=== Section Start ===

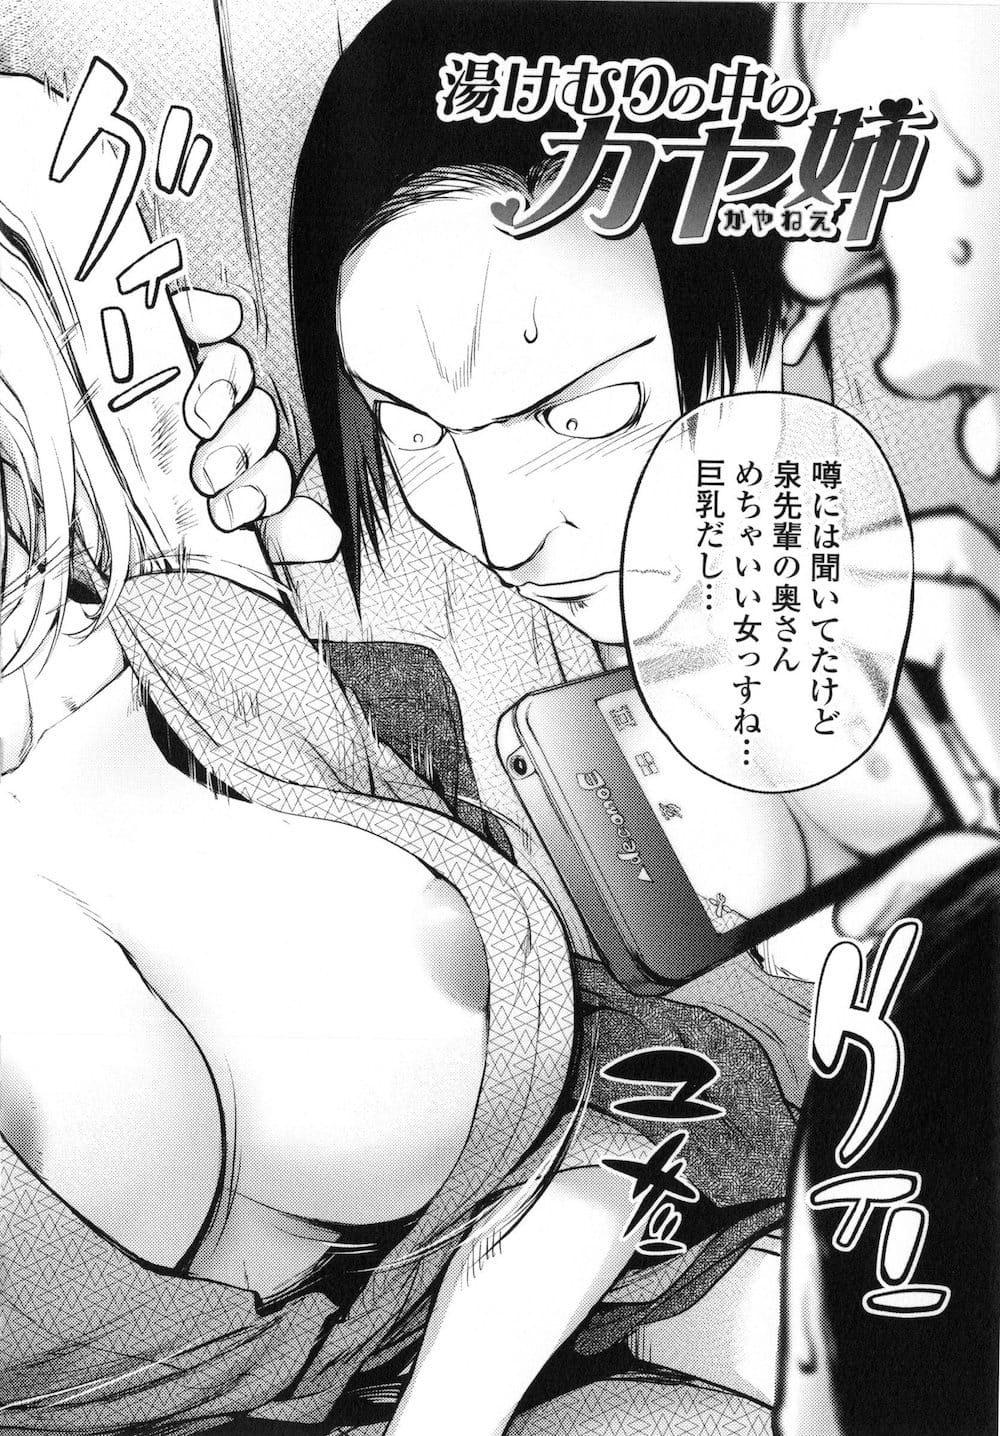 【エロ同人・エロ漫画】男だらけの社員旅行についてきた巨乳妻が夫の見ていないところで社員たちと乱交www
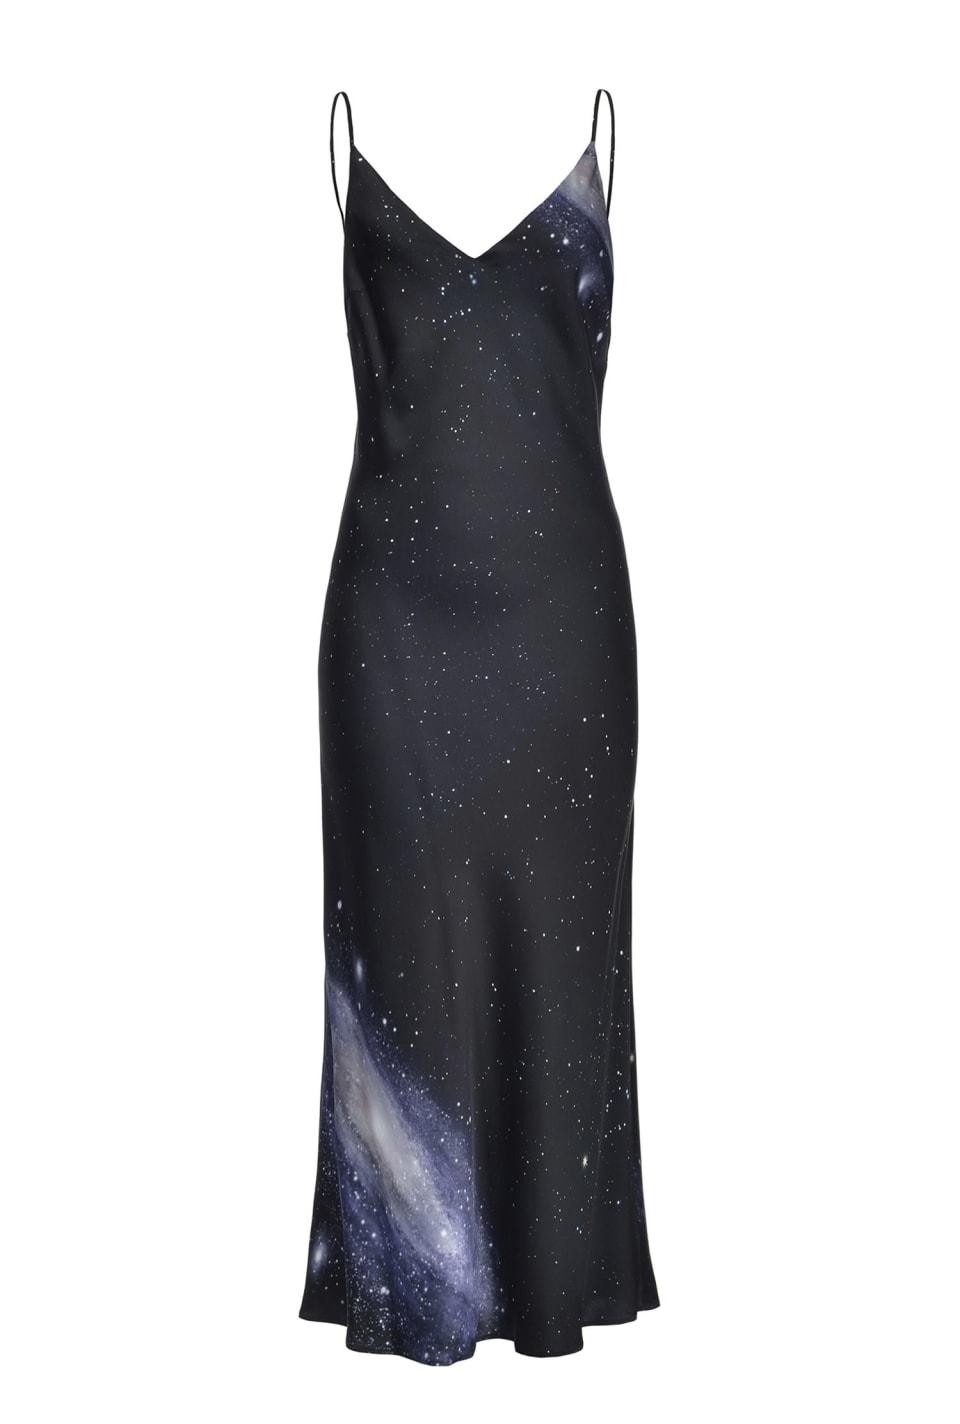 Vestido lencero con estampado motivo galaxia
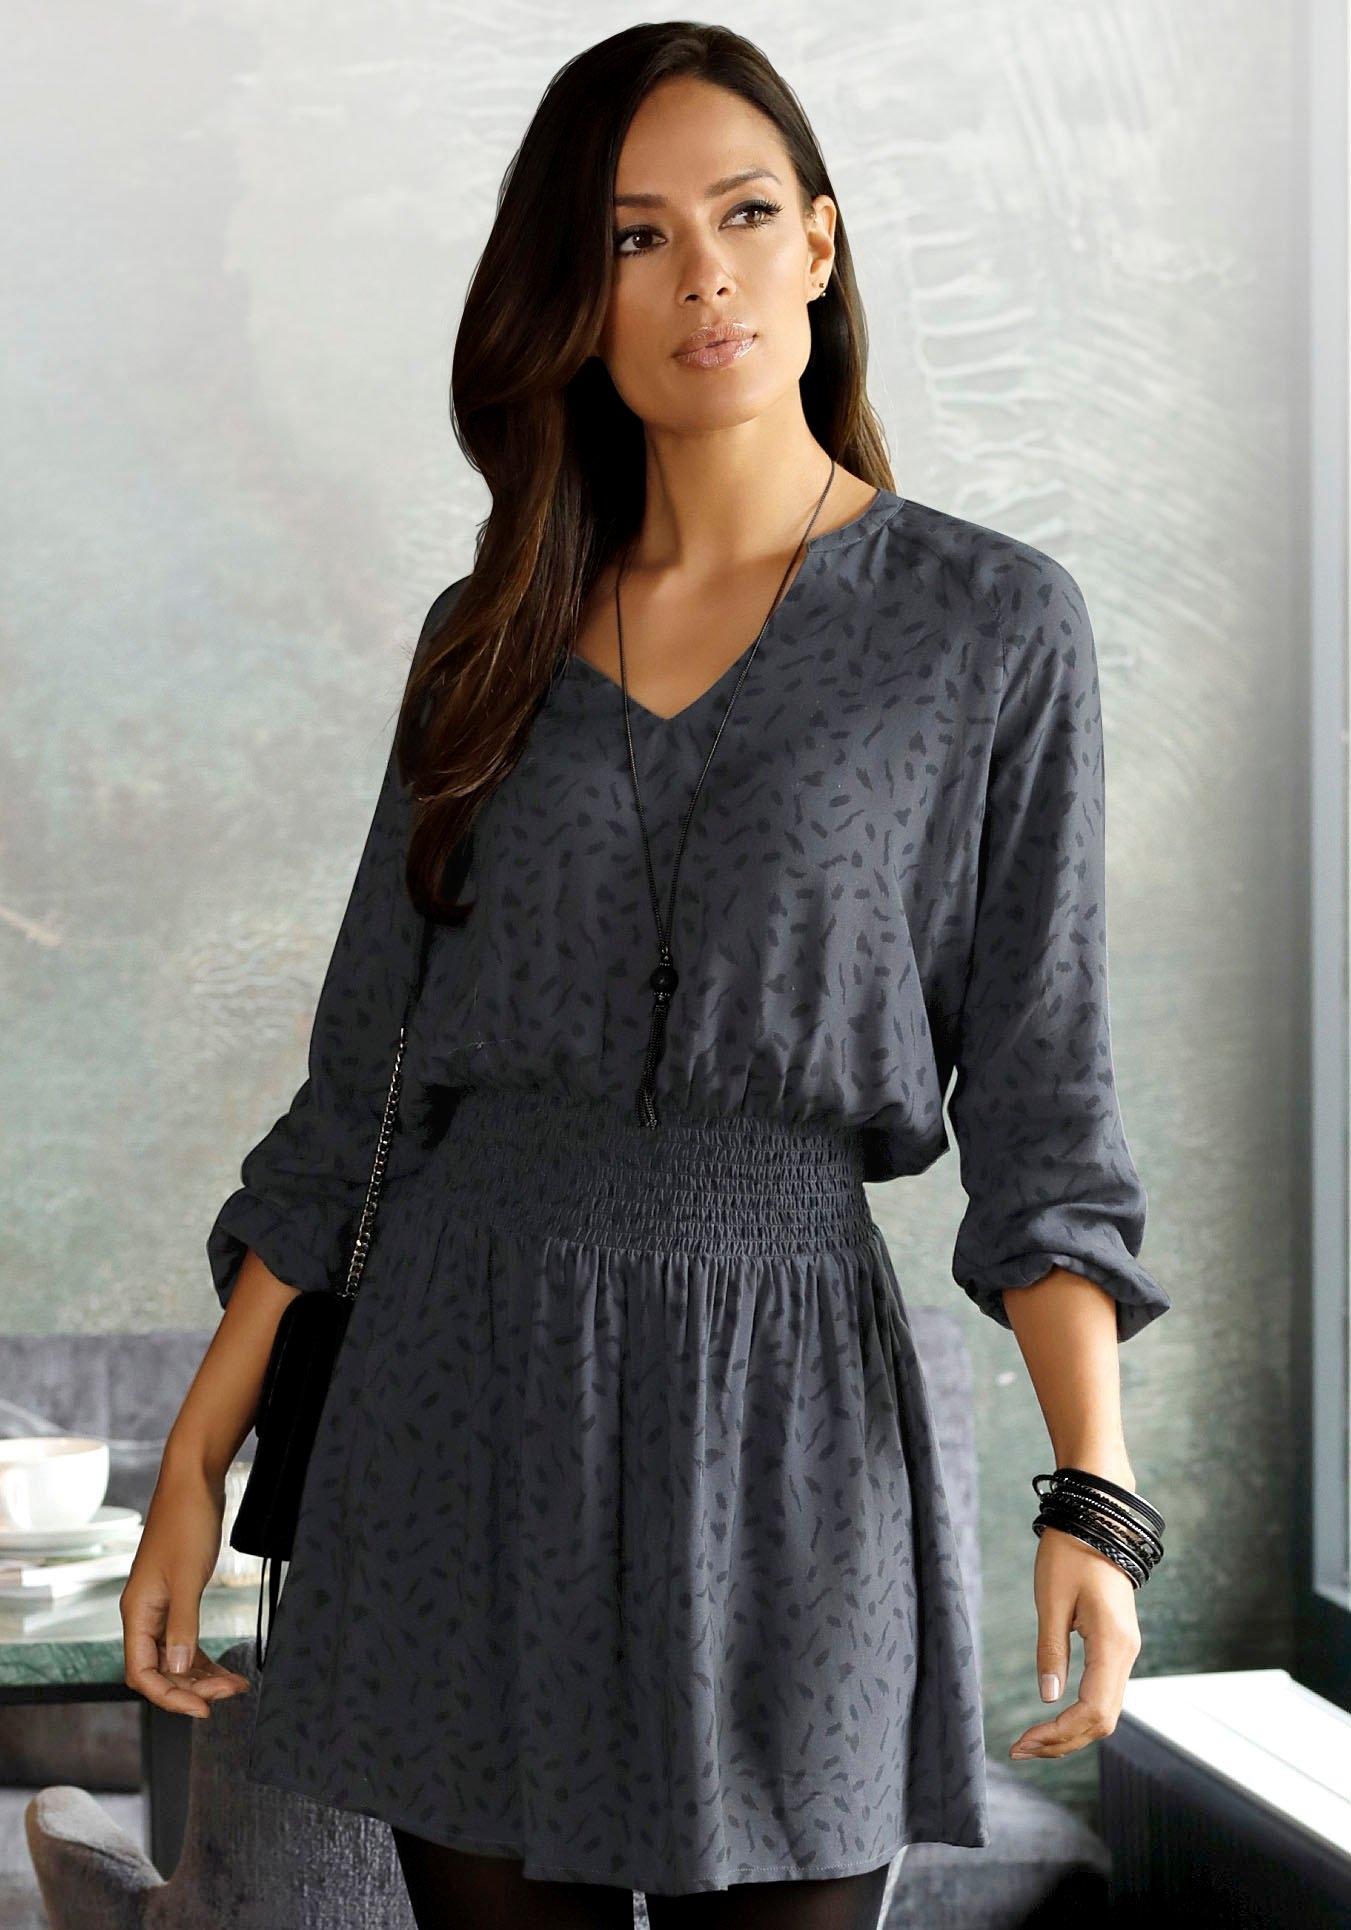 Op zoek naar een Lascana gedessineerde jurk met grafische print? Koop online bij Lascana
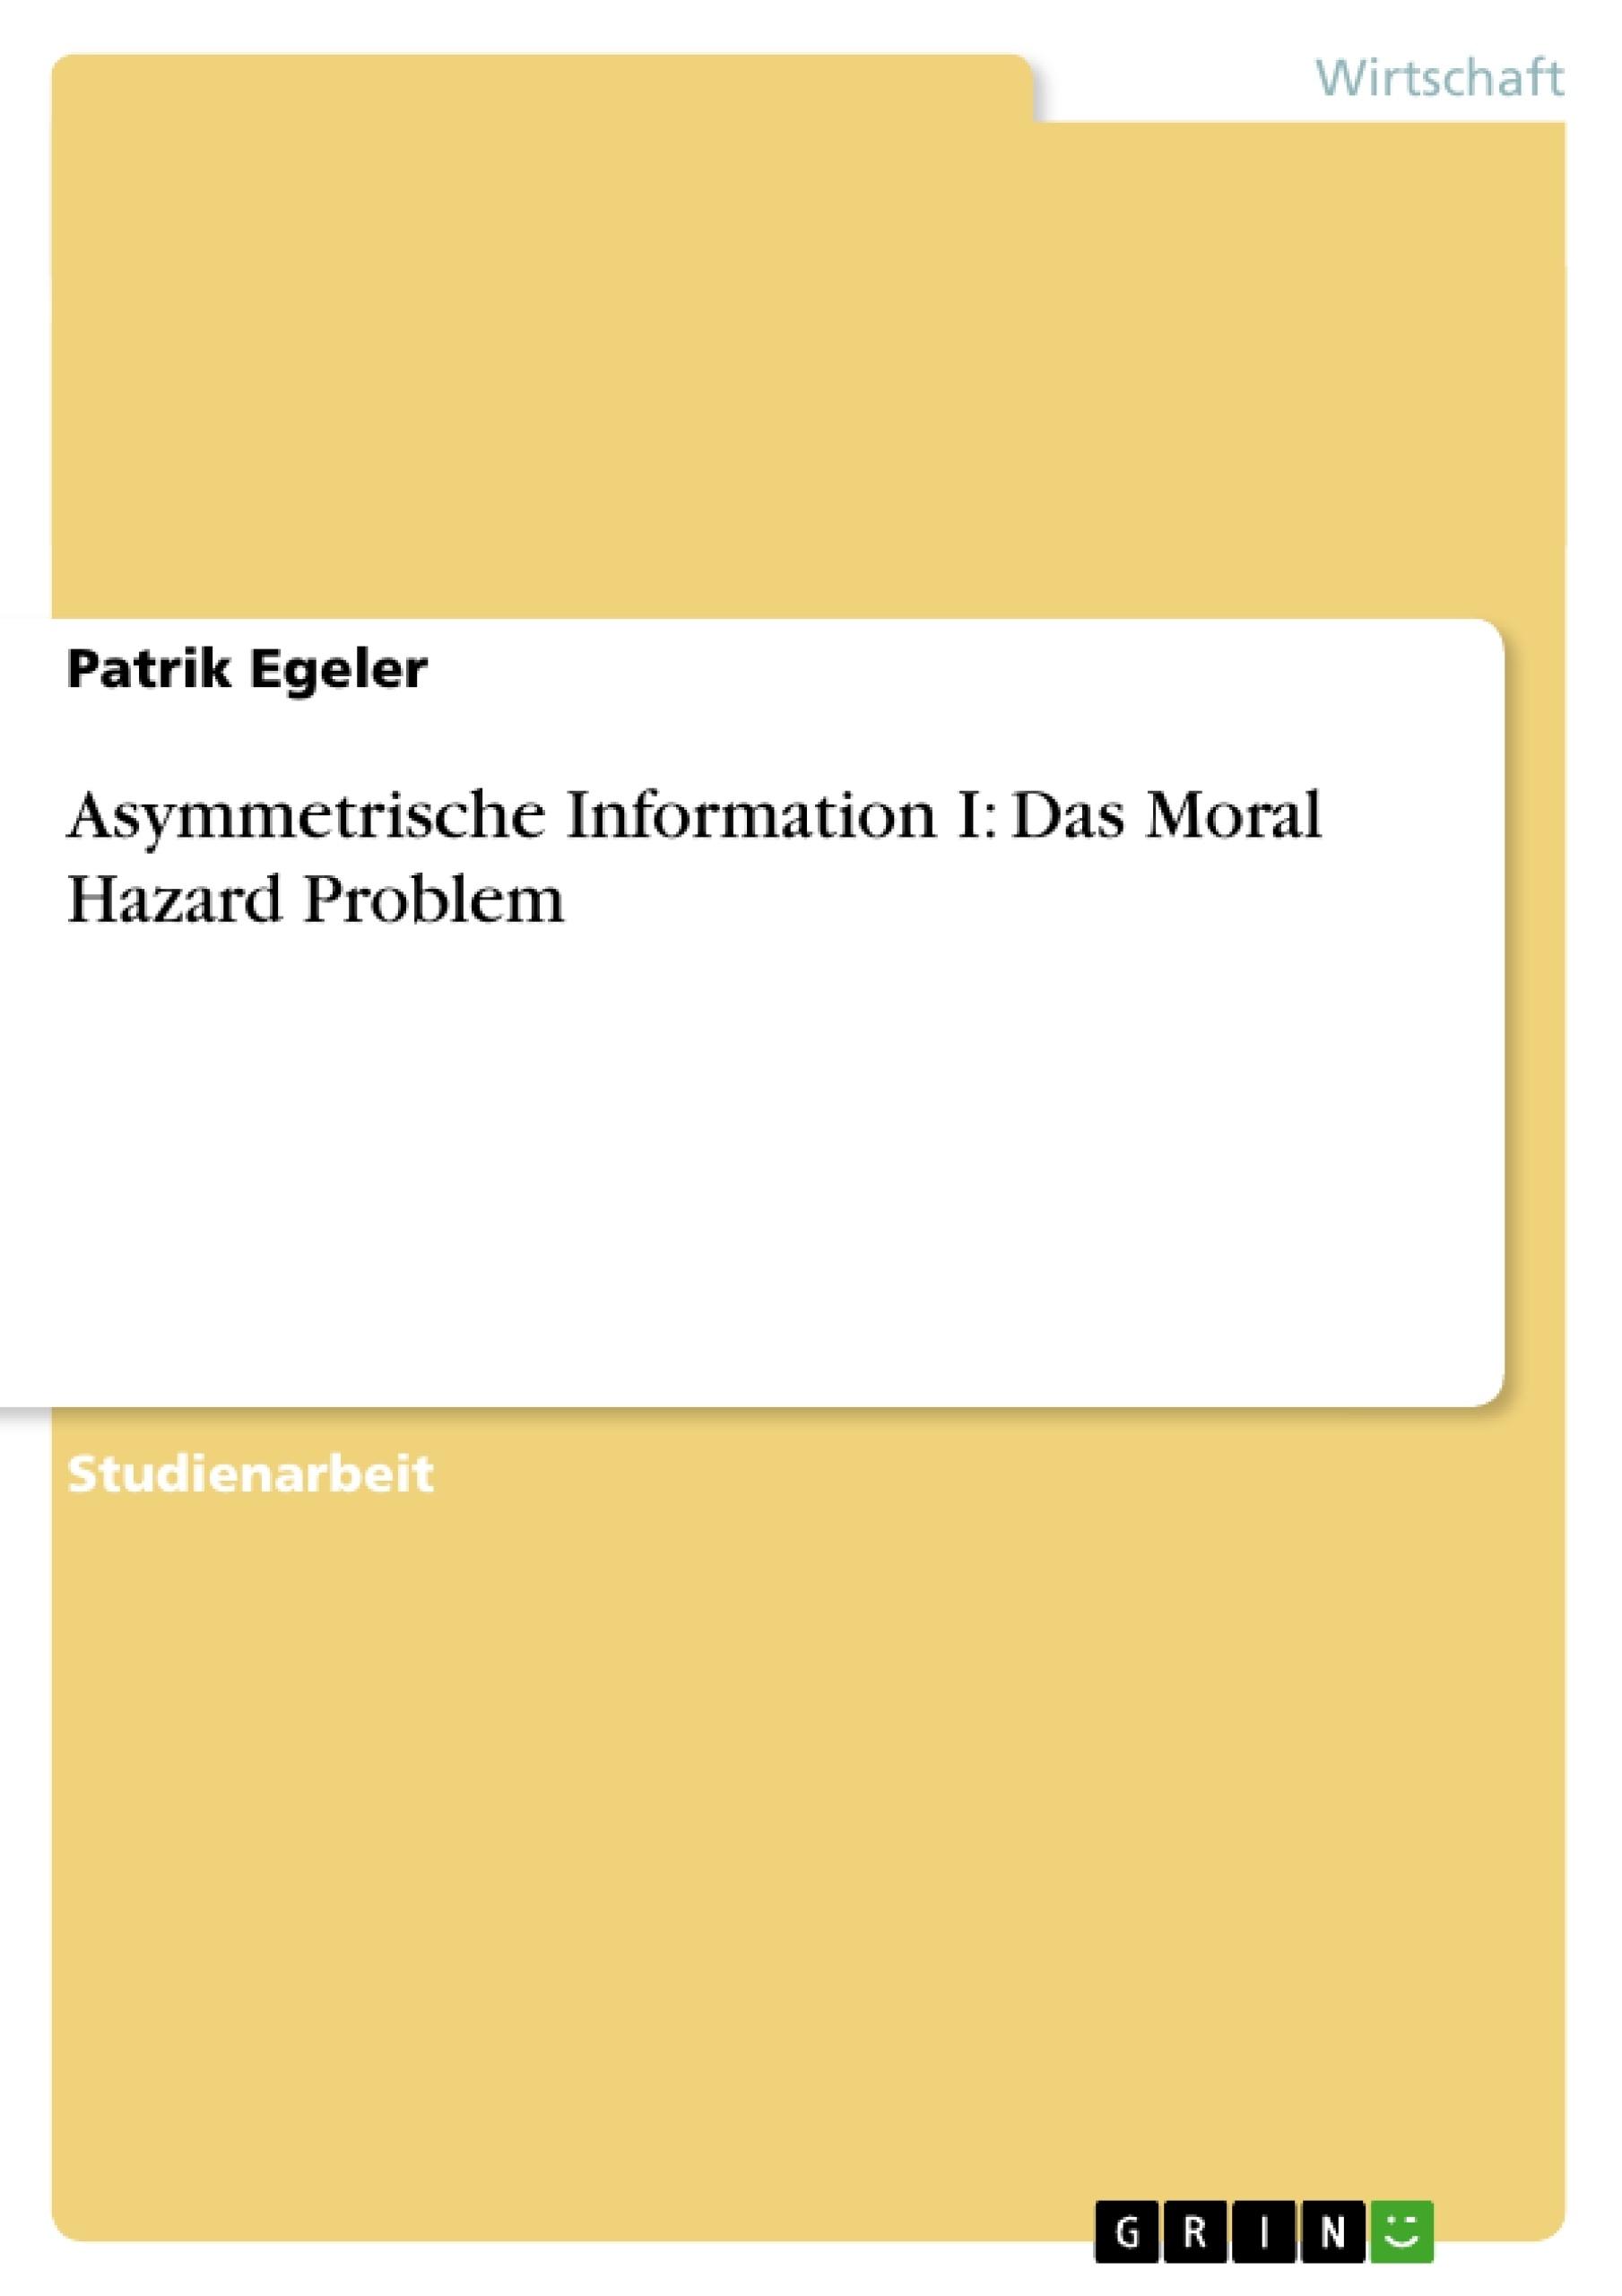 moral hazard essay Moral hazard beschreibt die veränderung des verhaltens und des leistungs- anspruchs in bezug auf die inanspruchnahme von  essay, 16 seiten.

=== Section End ===

» Brief:
Please leave the images out and retype the rest of the material exactly.

» Output below:
 【エロ同人・エロ漫画】男だらけの社員旅行についてきた巨乳妻が夫の見ていないところで社員たちと乱交www
 Vestido lencero con estampado motivo galaxia
 Op zoek naar een Lascana gedessineerde jurk met grafische print? Koop online bij Lascana
 moral hazard essay Moral hazard beschreibt die veränderung des verhaltens und des leistungs- anspruchs in bezug auf die inanspruchnahme von  essay, 16 seiten.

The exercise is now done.